Читаем Рублев полностью

Вчитываясь в эту горестную летописную повесть, где записывавший по свежим следам событий книжник мало позволяет себе высказывать свои чувства, но с протокольной точностью и большим знанием перечисляет все потери, ясно начинаешь видеть: в Благовещенском соборе сгорело все. Невозможно предполагать, чтобы в панике от возникшего разом пожара, в огне пылавших обширных деревянных зданий дворца, не сумев спасти не только государственную казну, но и сравнительно небольшие, многоценные письмом и убранством греческие иконы, разобрали и вынесли укрепленные в тяблах[16] иконы деисуса и находившиеся более чем на четырехметровой высоте «праздники». Правда, некоторые исследователи склонны понимать слово «погоре» в значении не «сгорел», а лишь частично обгорел, был только опален огнем. Такое прочтение невозможно принять. В этом же рассказе о пожаре 1547 года встречается выражение «погоре дотла». Следовательно, уже и тогда слово «погореть» имело то же значение, что и в современном нам русском языке. Интересно, что на досках большинства благовещенских икон нет следов от ожогов. И грунт не имеет в себе тех характерных вздутий, которые бывают на иконах, побывавших в пожаре.

К скептическим взглядам на возможность относить известные сейчас благовещенские иконы — деисусные и праздничные — к 1405 году прибавилось совсем недавно еще несколько серьезных аргументов.

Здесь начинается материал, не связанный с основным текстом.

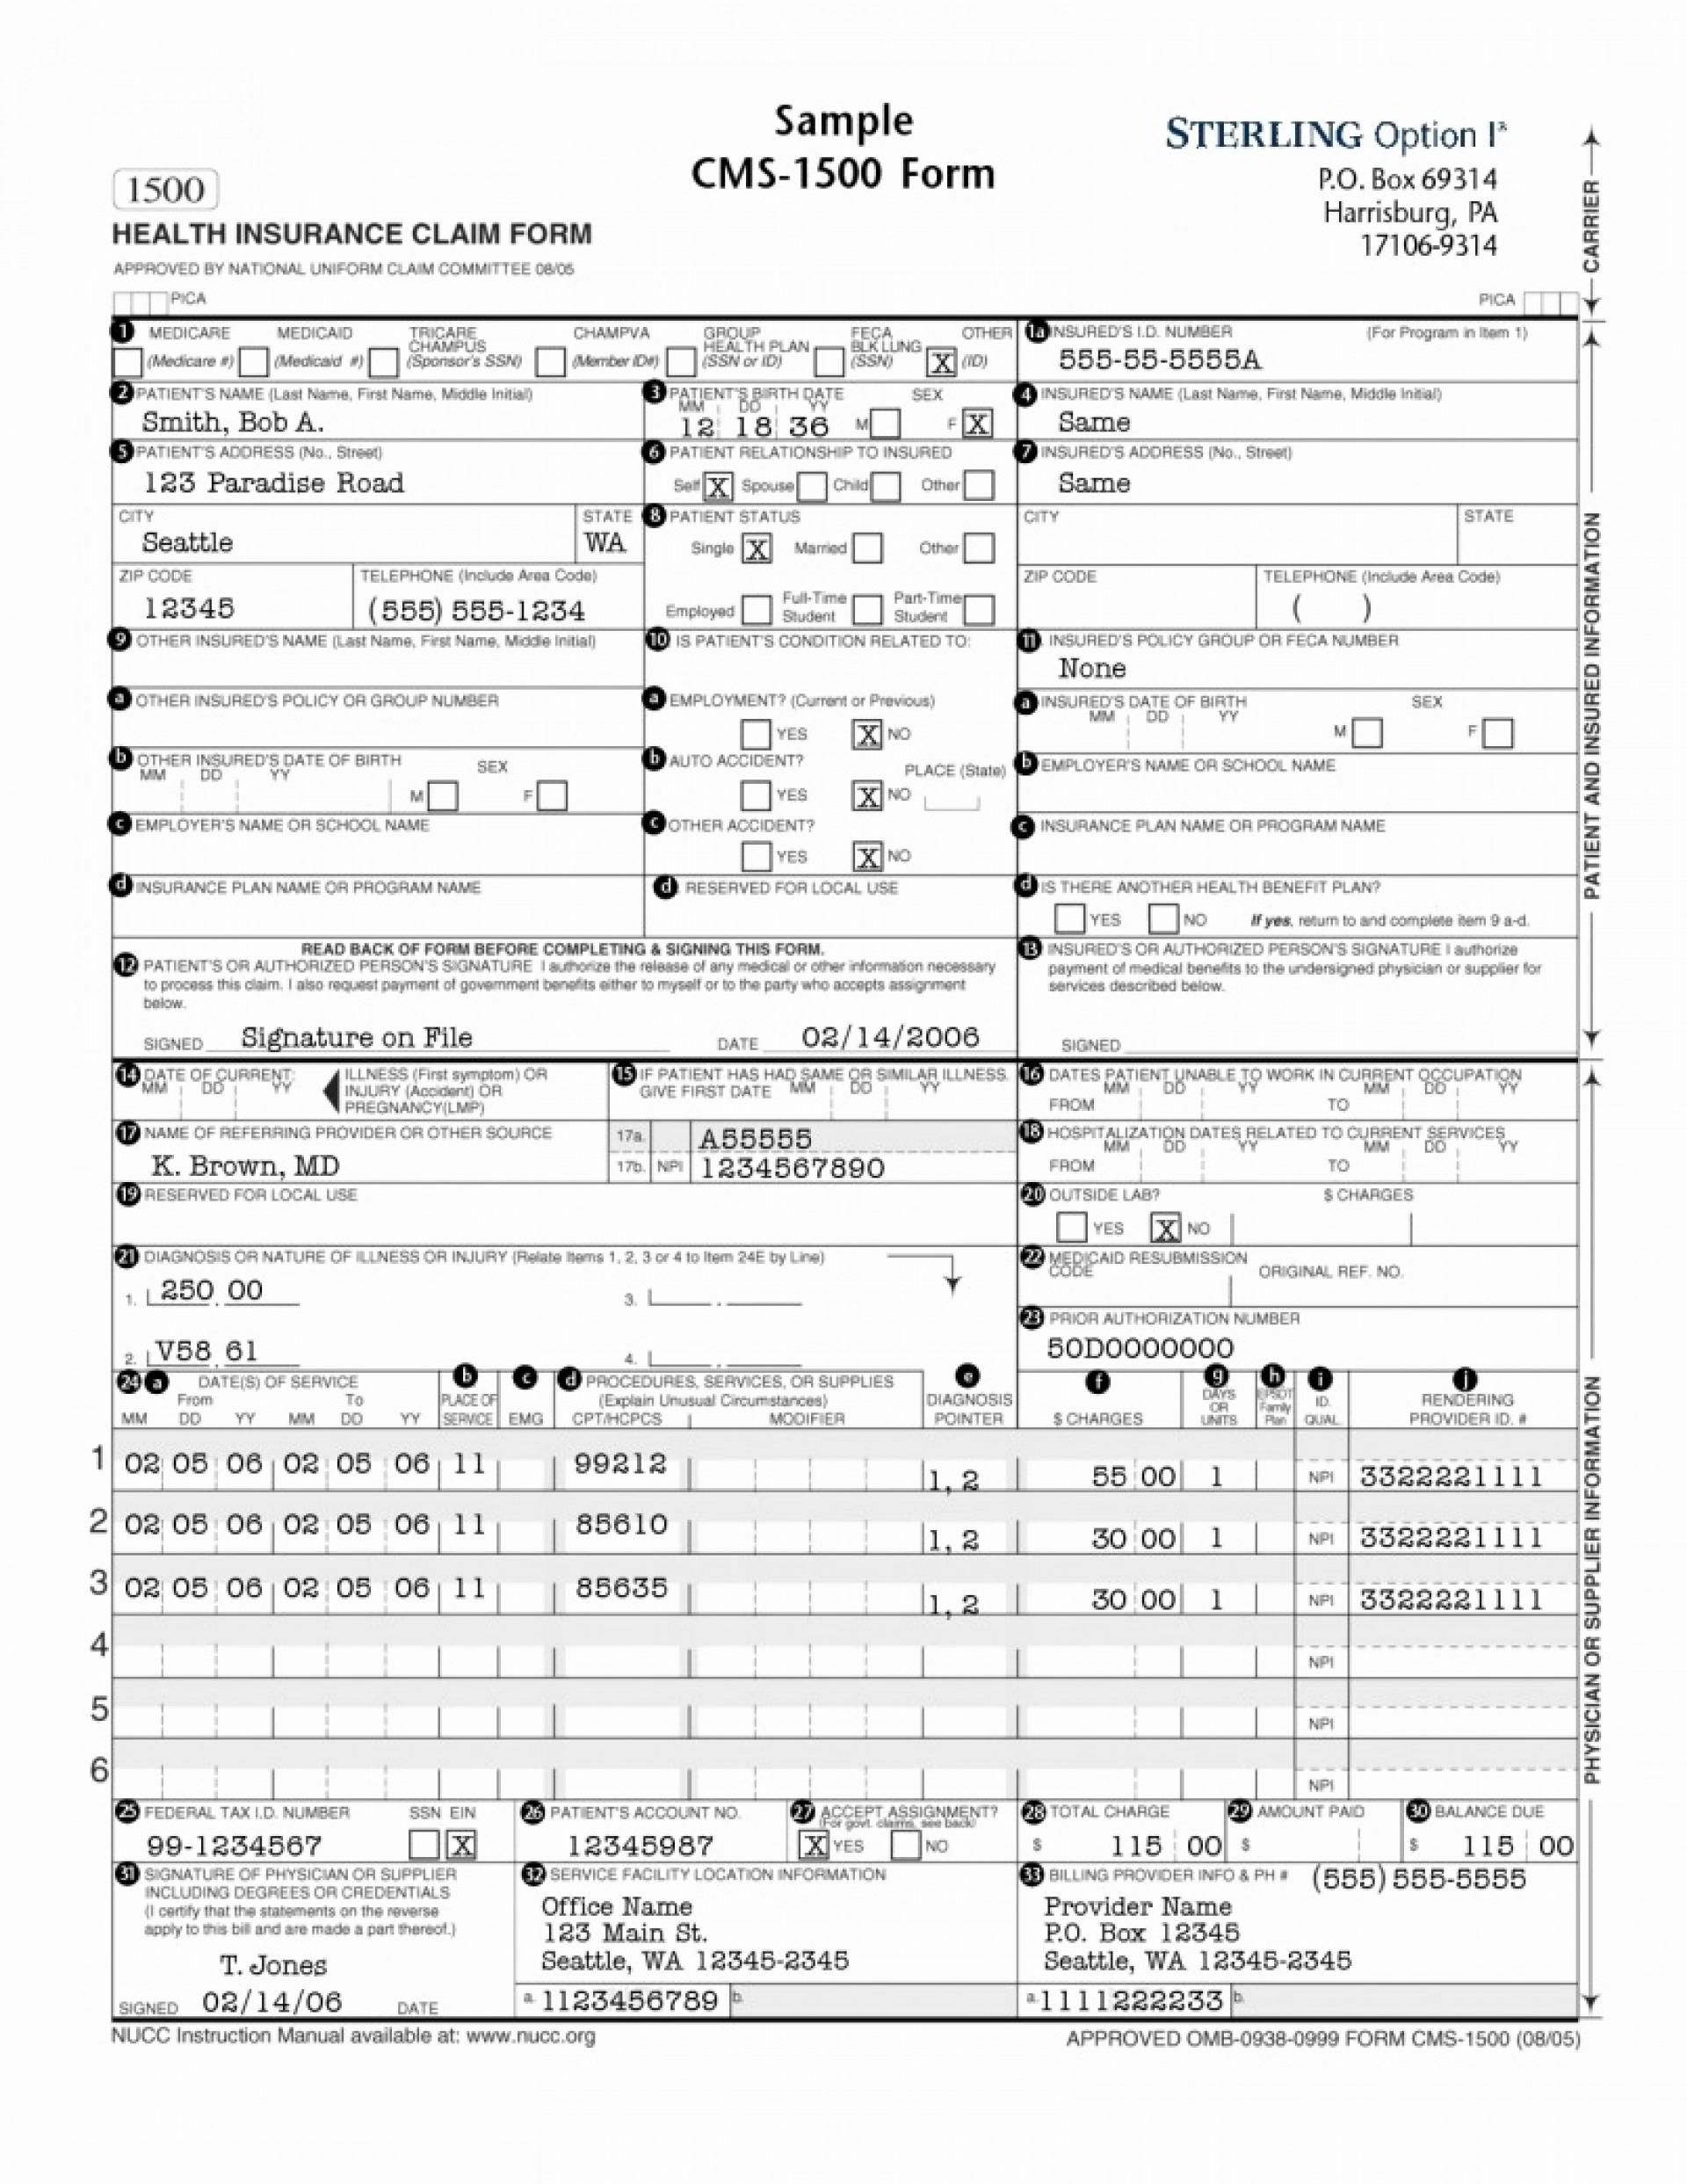 Cms 1500 Billing Form Instructions

Давно уже деисусный чин, стоящий в Благовещенском соборе, имел как бы некое «прибавление»: две иконы тех же размеров, но сильно отличающиеся по стилю от других, — изображения Георгия и Дмитрия. Они не могли вместиться в деисус, в котором количество икон обусловлено шириной собора. Написанные, несомненно, русским художником (или художниками), они или про исходят из какого-то другого иконостаса, или «шли на заворот», то есть были установлены на уровне деисуса, но не в самом иконостасе, а симметрично на северной и южной стенах. Такие деисусы, расположенные не на одной плоскости, а с «заворотом» крайних изображений на стене, в более поздних русских иконостасах в деревянных и каменных церквах встречаются довольно часто. Правда, мог быть и еще ответ на загадку, поставленную существованием этих двух «лишних» произведений. Не был ли древний собор несколько больших размеров, чем дошедший до нас? Но изучение древнего белокаменного под-к лета — основания, на котором строили кирпичные стены последнего Благовещенского храма, дало совсем неожиданный результат — первоначальная церковь была меньше сохранившейся до наших дней и не могла вместить в себя известный сейчас иконостас, даже если последние иконы шли «на заворот»… Обмеры, дополняя летописные сведения, также подкрепляли утверждение, что сохранившийся здесь иконостас не первоначальный, а поставлен сюда уже после пожара 1547 года.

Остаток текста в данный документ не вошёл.